16? Three ricks X 8 ft = 24 feet.


----------



## coog (Sep 8, 2008)

*It goes on...*

http://oklahomacity.craigslist.org/grd/831152497.html


----------



## ms310 (Sep 8, 2008)

had a guy stop by last night in a full size dodge 1500 6' box, says to me load it up till we get to $100 dollars worth. I asked him " do you want some in the cab? " He settled for $60 face cord in the back.


----------



## woodyman (Sep 9, 2008)

If I was still selling wood this is what you would get if you bought a full cord from me.


----------



## Moss Man (Sep 9, 2008)

woodyman said:


> If I was still selling wood this is what you would get if you bought a full cord from me.




That pile is 24 feet long, right?


----------



## woodyman (Sep 9, 2008)

Yes,24 foot long 4 foot high and 16 inches wide.That is what we call a full cord of wood here,all good red oak.A few years back I sold that much for $70.00,you pick up and they were all very happy when they were done loading for the second or third time.


----------



## coog (Sep 9, 2008)

One of my friends up there in the East metro was just quoted $500 for a cord delivered!Man, I remember all the b*tching when I had to charge $125...stacked!


----------



## Wood Doctor (Sep 9, 2008)

woodyman said:


> If I was still selling wood this is what you would get if you bought a full cord from me.

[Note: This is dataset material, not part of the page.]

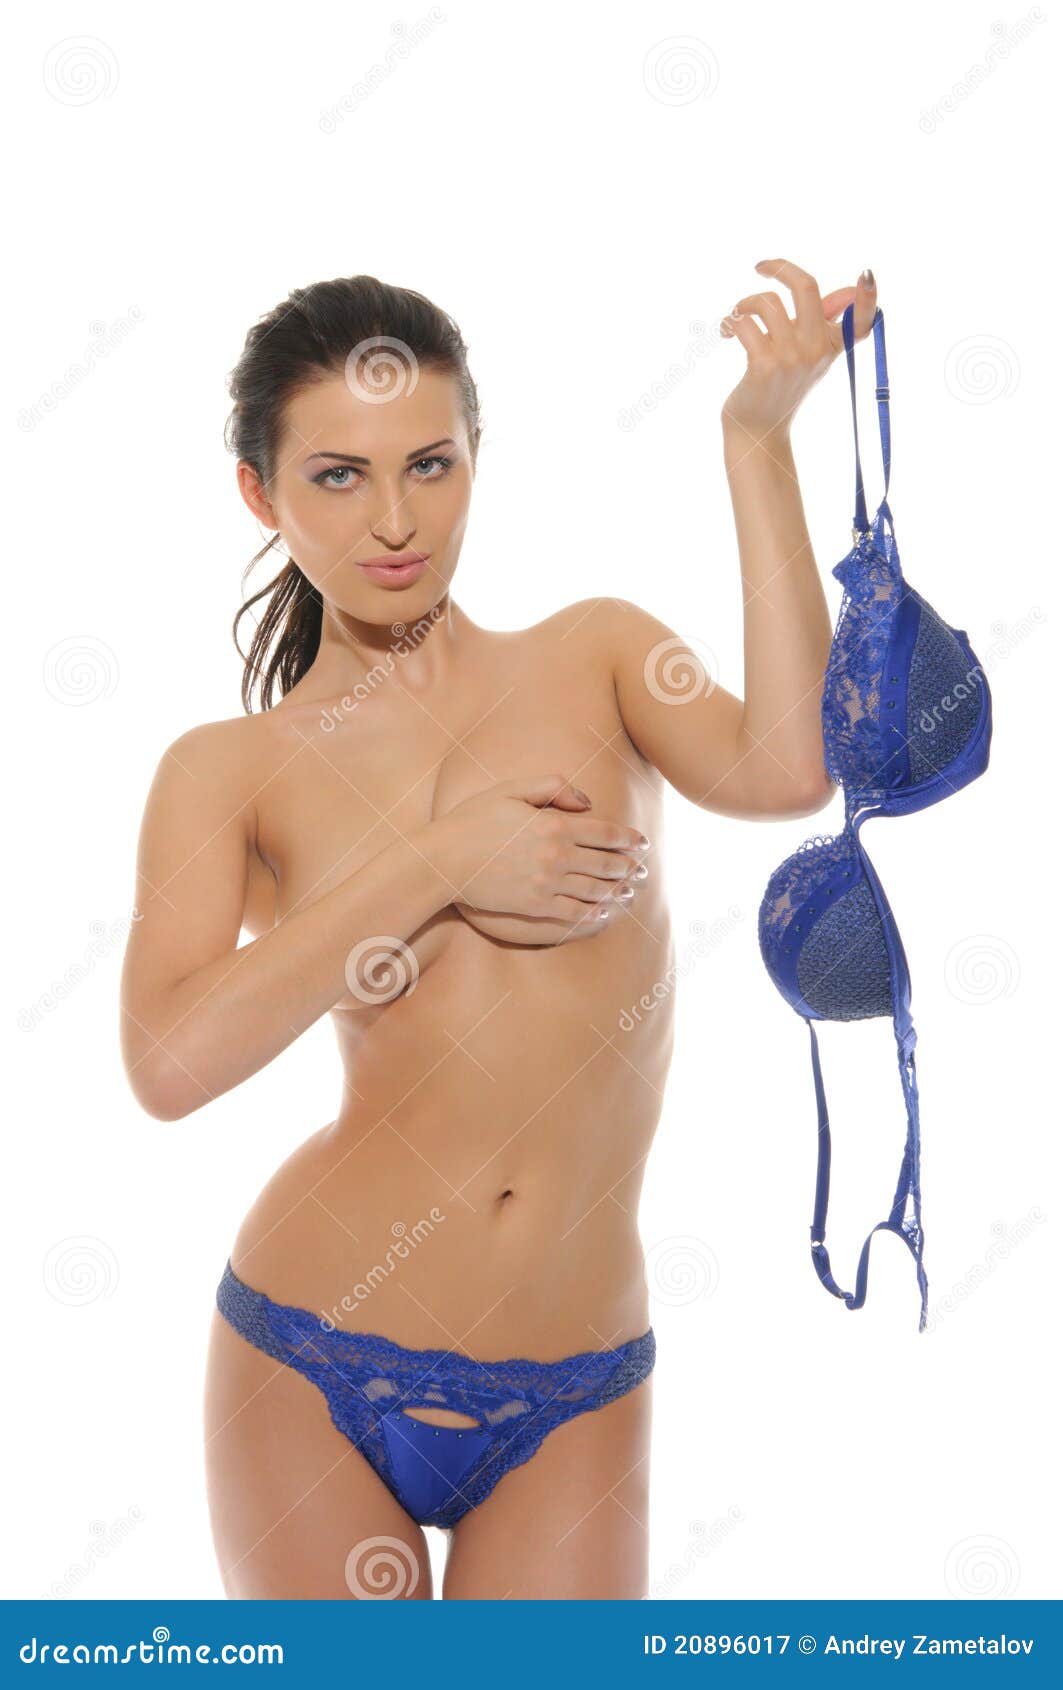 women taking off their bra

Woodyman would be going broke if he sold you that "cord". Let's asume that stack is 1.5' wide and 6' high. Your first cord of wood shows up after 17'. The stack is at least 35' long, so Woodyman would be giving you the next cord or so on the house.


----------



## coog (Sep 9, 2008)

That cord is no more than 4' high; check the Tee post.I'm sure it's only 16" in depth and 24' long.None of this will save him from going broke, but it is an honest full-cord.


----------



## spike60 (Sep 9, 2008)

What I'm finding interesting are some of the different terms used in various parts of the country. The term "face cord" is very common around here, but not clearly defined. The length and height are understood to be 8' and 4', but the depth is up in the air. 16", 18", 20", 24"? What size wood is in a face cord is the part that's unclear. Terms such as "rick" or "rank" are completely unknown in this area. 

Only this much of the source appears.